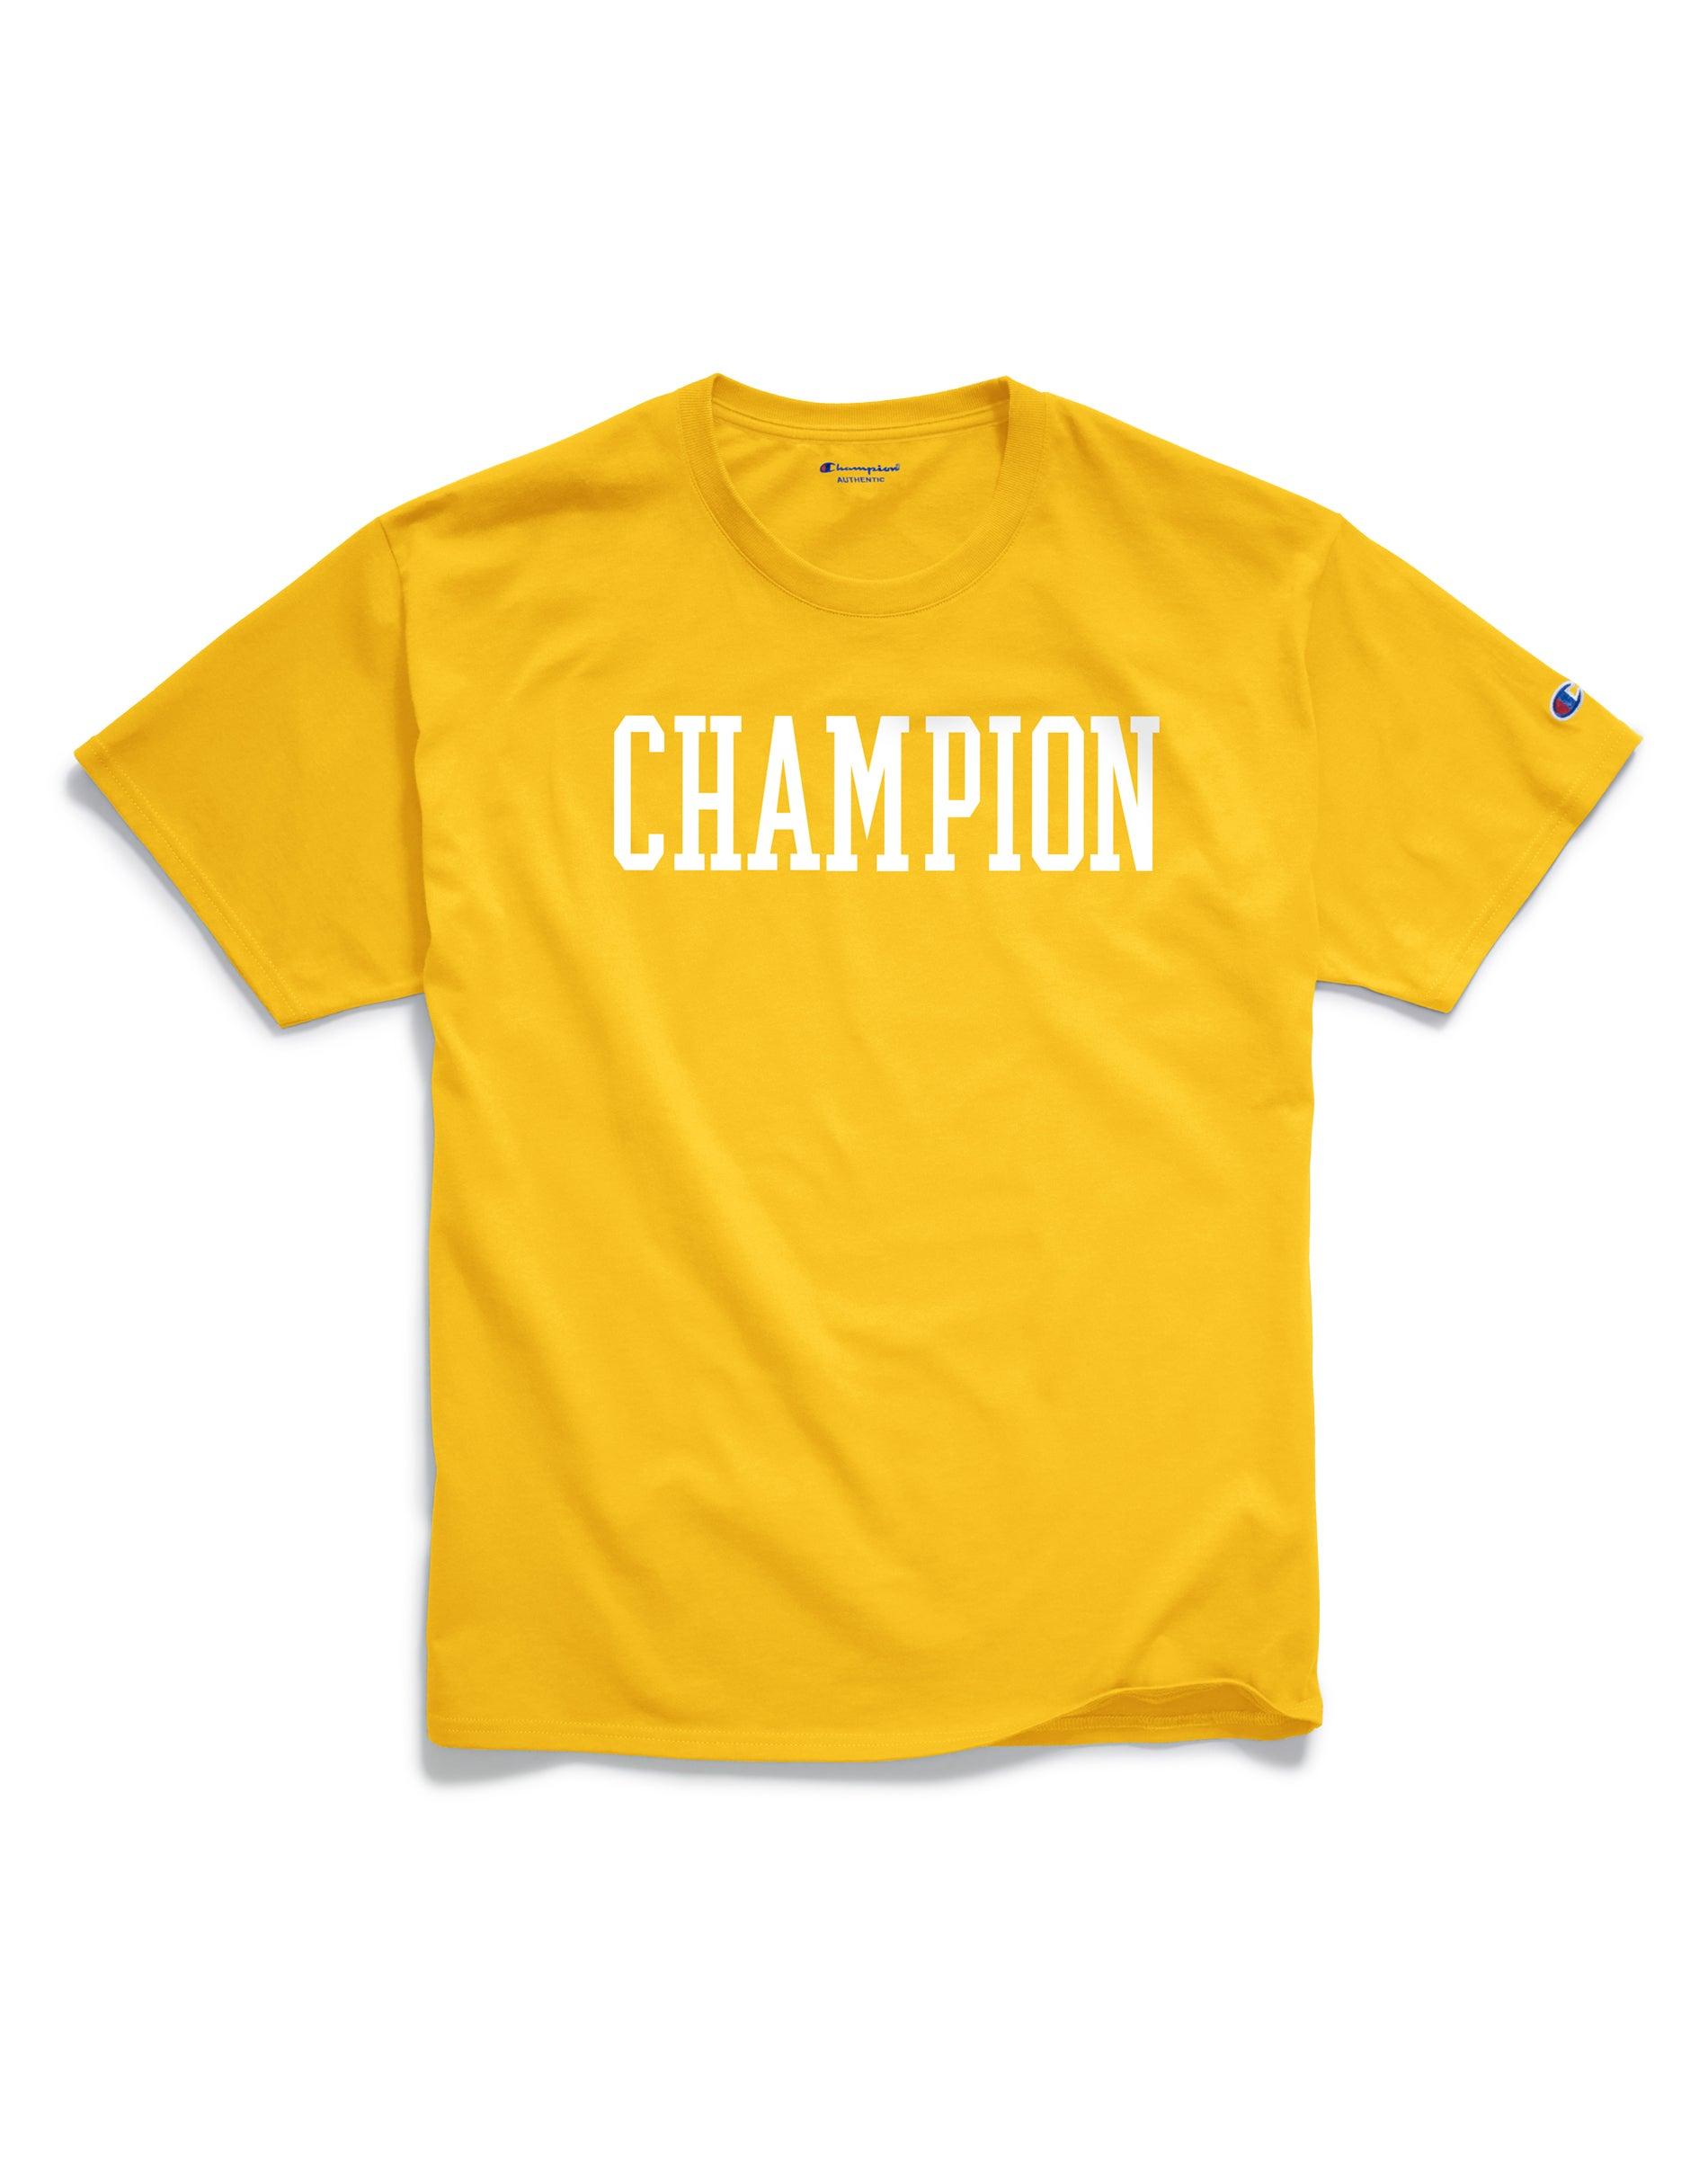 champion yellow jersey
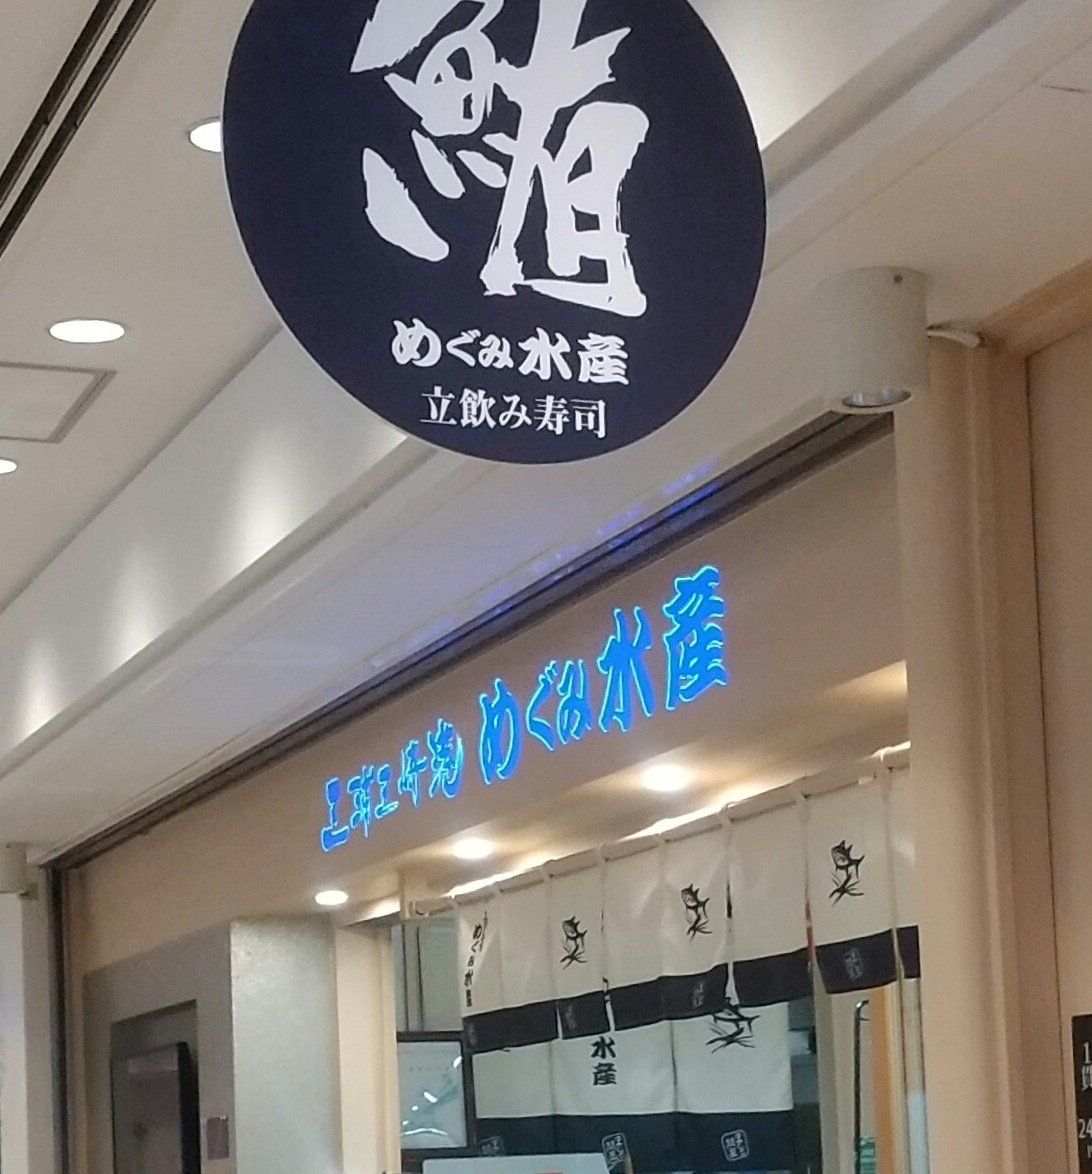 私用で横浜駅へ来てます🚃💨 めぐみ水産さんの寿司各種🍣 横浜駅に来ると立ち食い寿司店 巡りをしています😁ちょこっと つまむには最適な店それでいて 鮮度抜群良いネタ揃って旨い😋 たま～の楽しみで
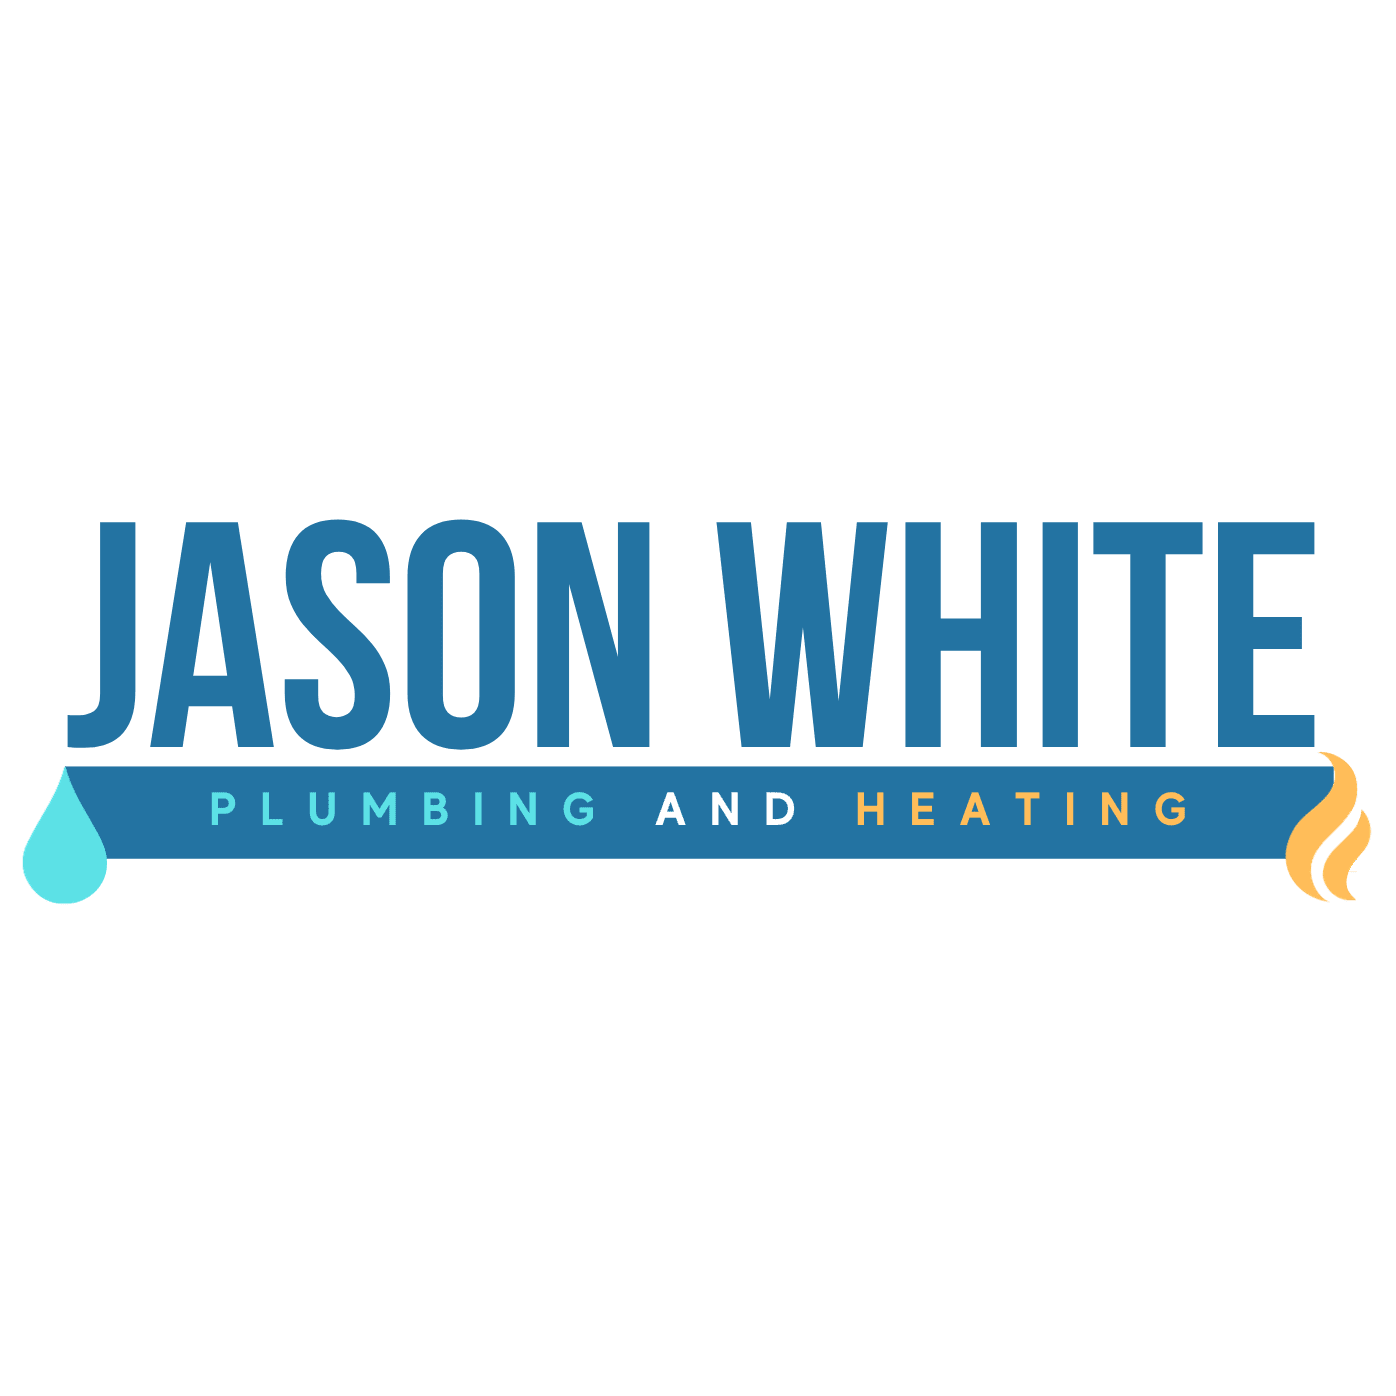 Jason White Plumbing & Heating logo
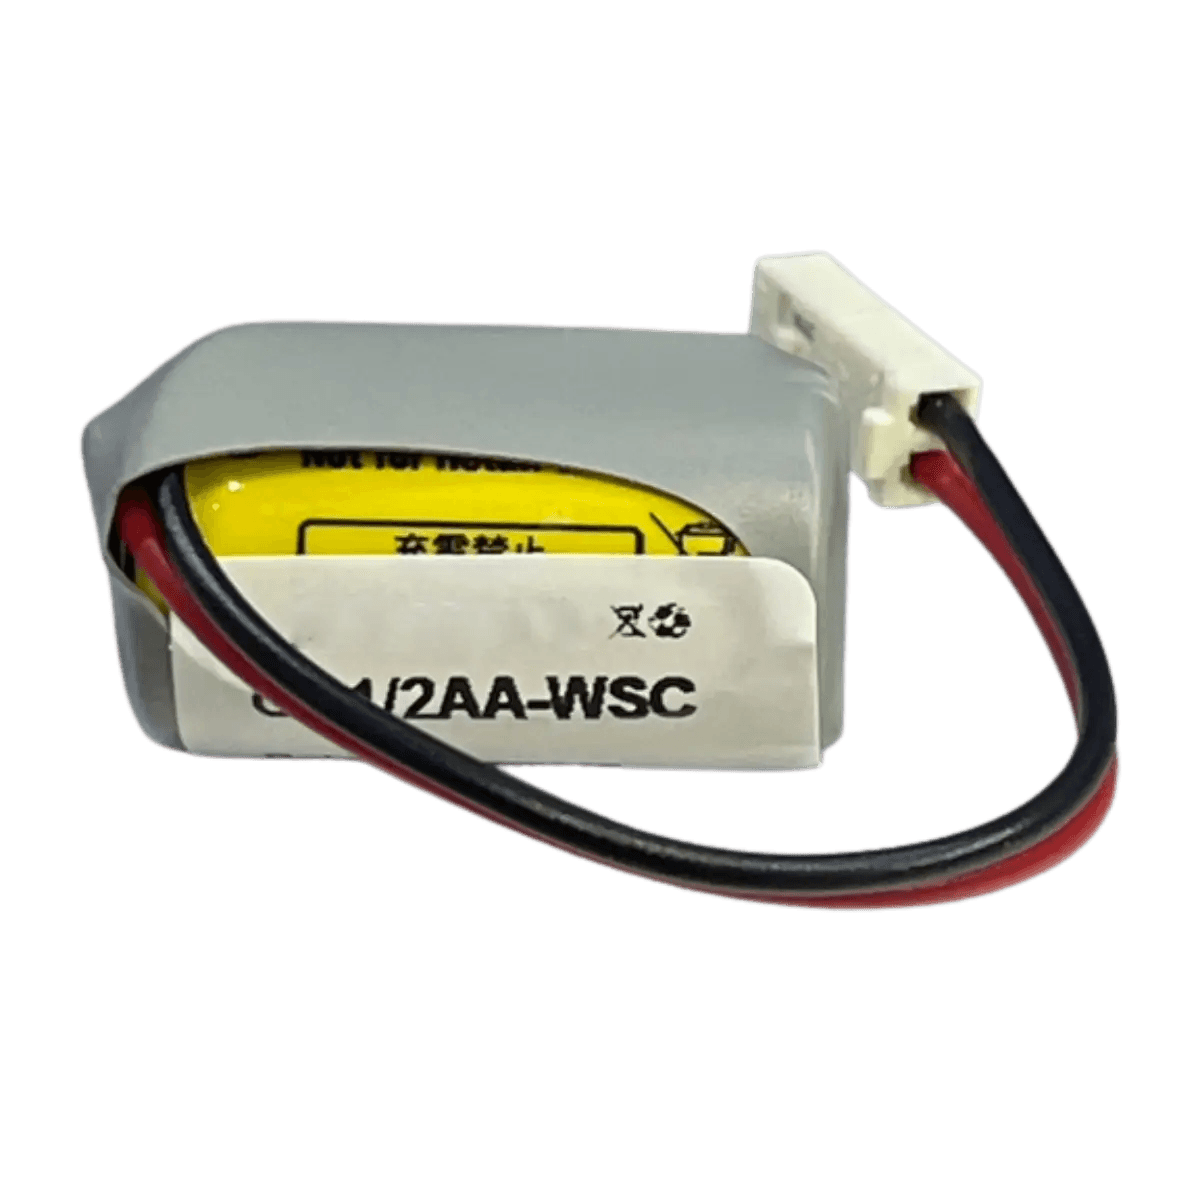 Batterie au lithium 3V CR1/2AA-WSC pour automate Siemens

PROBLEM REQUIREMENTS:
The answer should be an exact copy of the material, with its pictures removed.

EXERCISE RESULT:
 champion yellow jersey
 私用で横浜駅へ来てます🚃💨 めぐみ水産さんの寿司各種🍣 横浜駅に来ると立ち食い寿司店 巡りをしています😁ちょこっと つまむには最適な店それでいて 鮮度抜群良いネタ揃って旨い😋 たま～の楽しみで
 Jason White Plumbing & Heating logo
 Batterie au lithium 3V CR1/2AA-WSC pour automate Siemens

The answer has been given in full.